Since we have not fire JMeter at this point, you can see that Plumbr is still in its WARMUP phase with 10% completion.

Memory leak simulator execution

Generating an adequate amount of load to your application will allow Plumbr to complete its WARMUP phase fairly quickly. We can now see from our simulator that Plumbr is in RUNNING state and tracking several thousands of objects already. However, we had no Full GC at this point so we will need to wait until a few iterations are performed. This will allow the internal Plumbr computing engine to do its assessment and potentially narrow down the location of a memory leak.




You can notice that number of objects tracked by Plumbr will vary in between Full GC iterations. This is because Plumbr will typically only focus on objects that are “suspect” such as objects able to survive major collections (Full GC).

After a few major collections, Plumbr was able to detect a potential memory leak with 98% confidence. We are almost there…It is important to note that no OutOfMemoryError was thrown. The leak can also be observed from JVisualVM but it is not that obvious such early in the load test life cycle.




Finally, after more major collections, Plumbr was able to detect a memory leak with a confidence level of 100%. As you can see from the snapshots, JVisualVM did allow us to easily monitor the Java heap and Plumbr MBeans status progressions.




You will also notice the following message in the standard output logs.
15:22:41,270 INFO  [stdout] (Plumbr thread - 176) ******************************************************************************
15:22:41,271 INFO  [stdout] (Plumbr thread - 176) * Plumbr has found a memory leak.                                             *
15:22:41,271 INFO  [stdout] (Plumbr thread - 176) * Plumbr will now stop tracking to leave more resources for your application. *
15:22:41,271 INFO  [stdout] (Plumbr thread - 176) * You can find the detailed memory leak report by opening this url:           *
15:22:41,272 INFO  [stdout] (Plumbr thread - 176) * https://portal.plumbr.eu/report/5515                                        *
15:22:41,272 INFO  [stdout] (Plumbr thread - 176) ******************************************************************************

At this point we have to wait for Plumbr to analyze the location and type of leak found. Once the analysis process is completed, a report will be generated and available from the Plumbr Portal.








Plumbr memory leak report

Plumbr 3.0 provides centralized memory leak report capabilities. Each time Plumbr is able to detect a new memory leak, a report is created and uploaded to the reporting Portal.

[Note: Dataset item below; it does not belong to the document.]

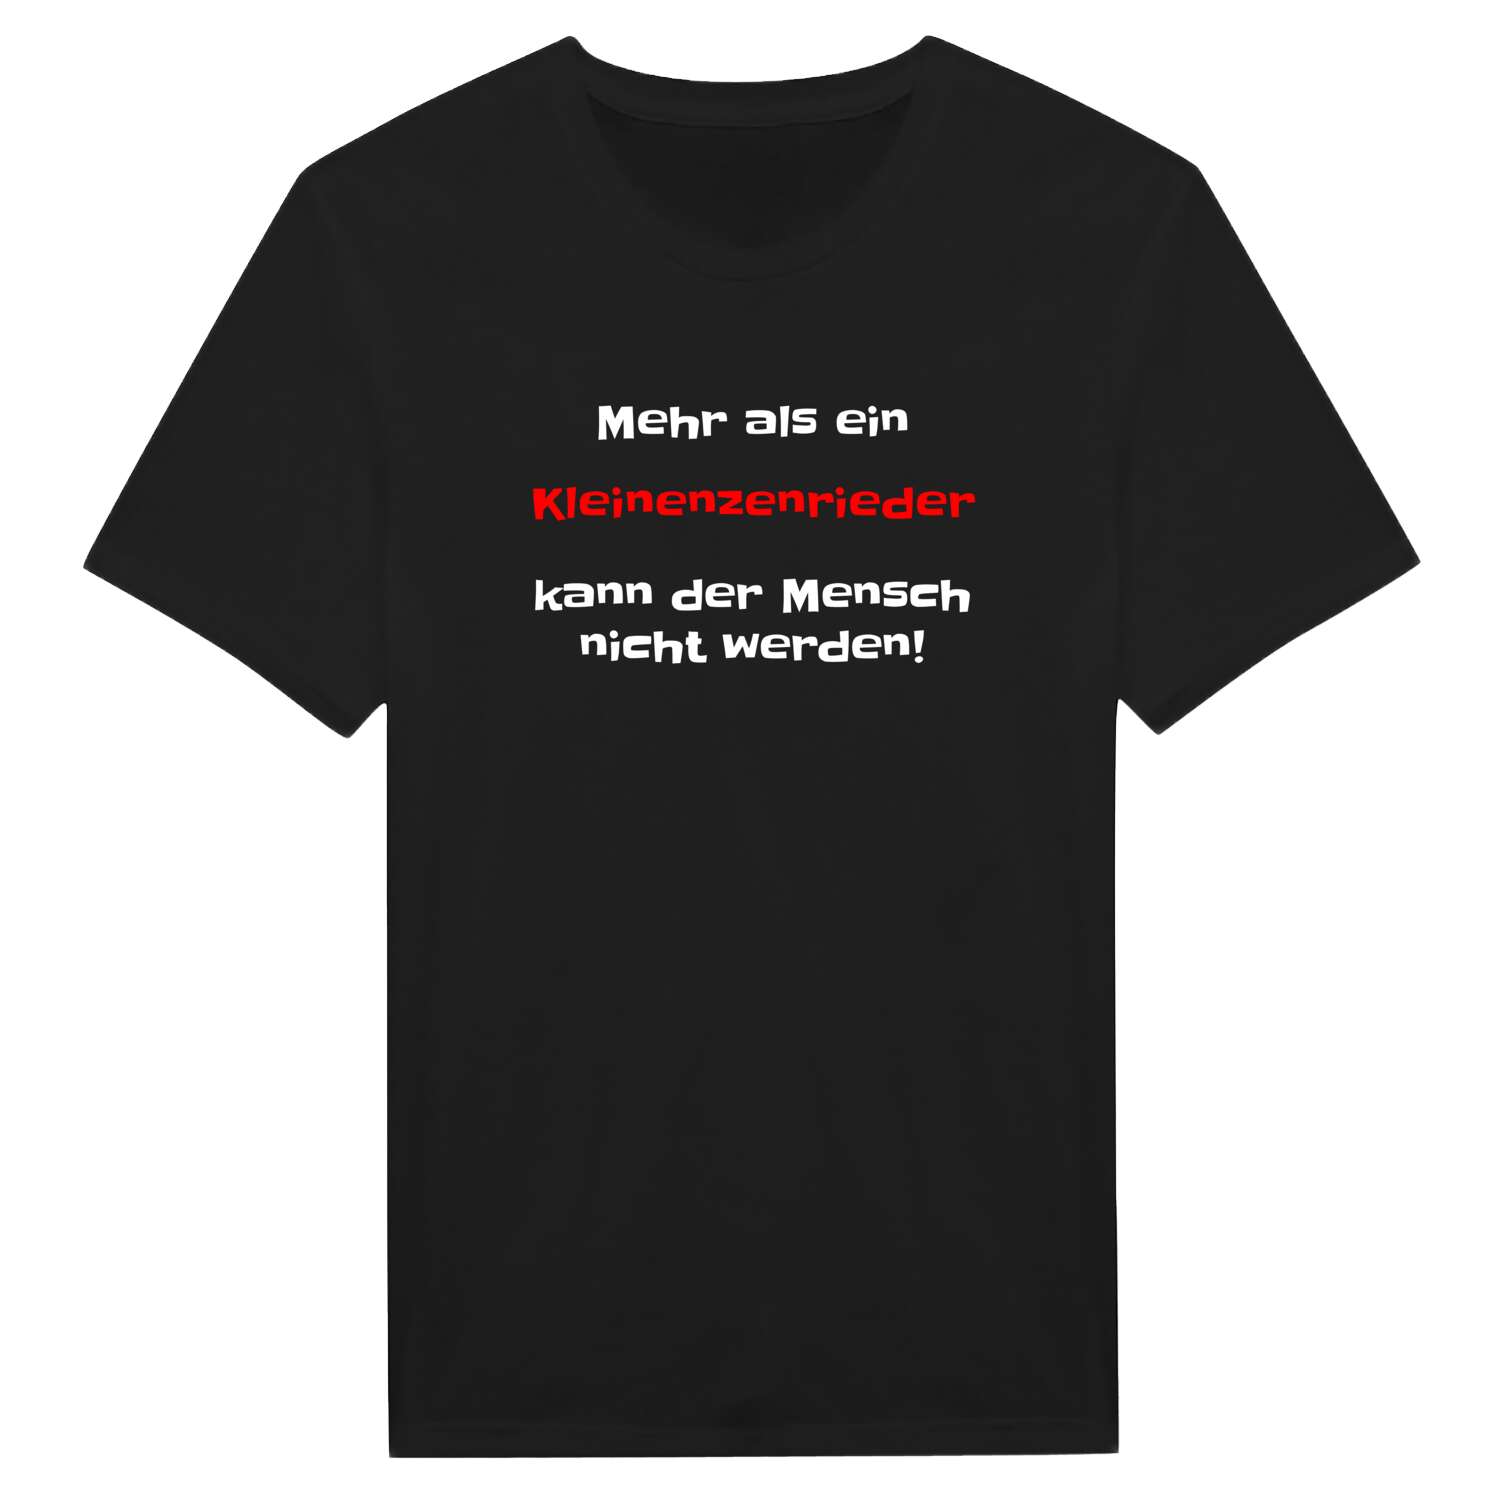 Kleinenzenried T-Shirt »Mehr als ein«

We can see below that a new report was generated from our fresh memory leak simulator execution.



The report is the ultimate outcome and deliverable of this exercise: a precise location, at code level, of where the memory leak is located.




We can see from the above report that Plumbr was perfectly able to identify our memory leak. You can notice that the leak report is split into 4 main sections:

  • The header contains the number of leaks found along with the detail on the memory footprint occupied by the leaking objects vs. the total Java heap capacity.
  • Leaking object type: This represents the object type of the instances accumulating over time in between major collections.
  • Leak creation location: This represents the caller and Java class where the leaking objects are created.
  • Memory references: This represents the object reference tree where the leaking objects are still referenced or held.

In our case, Plumbr was able to identify the exact location of our engineered memory leak.

  • LongLivedObj is indeed the expected leaking object type.
  • JVMMemoryAllocator is definitely the Java class where the leak is created.
  • ConcurrentHashMap is the implemented "referencer" or container.
Interestingly, Plumbr was also able to identify another potential leak inside WildFly 8 Alpha 3 itself…

Now please keep in mind that following the creation of the report, Plumbr will not magically resolve the memory leak for you. You will need to spend some time and review the affected code, especially the location where the leak is created and understand why the objects are still referenced. Plumbr will do 50%+ of the work. You will need to take care of the other half and determine the proper code fix required, upgrade or patch of the offending API(s).

Final words

I hope that you appreciated this tutorial and review of Plumbr 3.0 while simulating a true Java heap memory leak. This product is looking quite promising and I definitely recommend that you give Plumbr a try in your environment; especially if you suspect that you are dealing with memory leak problems affecting your production environment stability. Thumbs up to the Plumbr core team!

I’m looking forward for your comments and please share your experience with Plumbr.

7.09.2013

Java Just-In-Time compilation: more than just a buzzword

A recent Java production performance problem forced me to revisit and truly appreciate the Java VM Just-In-Time (JIT) compiler. Most Java developers and support individuals have heard of this JVM run time performance optimization but how many truly understand and appreciate its benefits?

This article will share with you a troubleshooting exercise I was involved with following the addition of a new virtual server (capacity improvement and horizontal scaling project).

For a more in-depth coverage of JIT, I recommend the following articles:

## Just-in-time compilation

## The Java HotSpot Performance Engine Architecture

## Understanding Just-In-Time Compilation and Optimization

## How the JIT compiler optimizes code

JIT compilation overview

The JIT compilation is essentially a process that improves the performance of your Java applications at run time.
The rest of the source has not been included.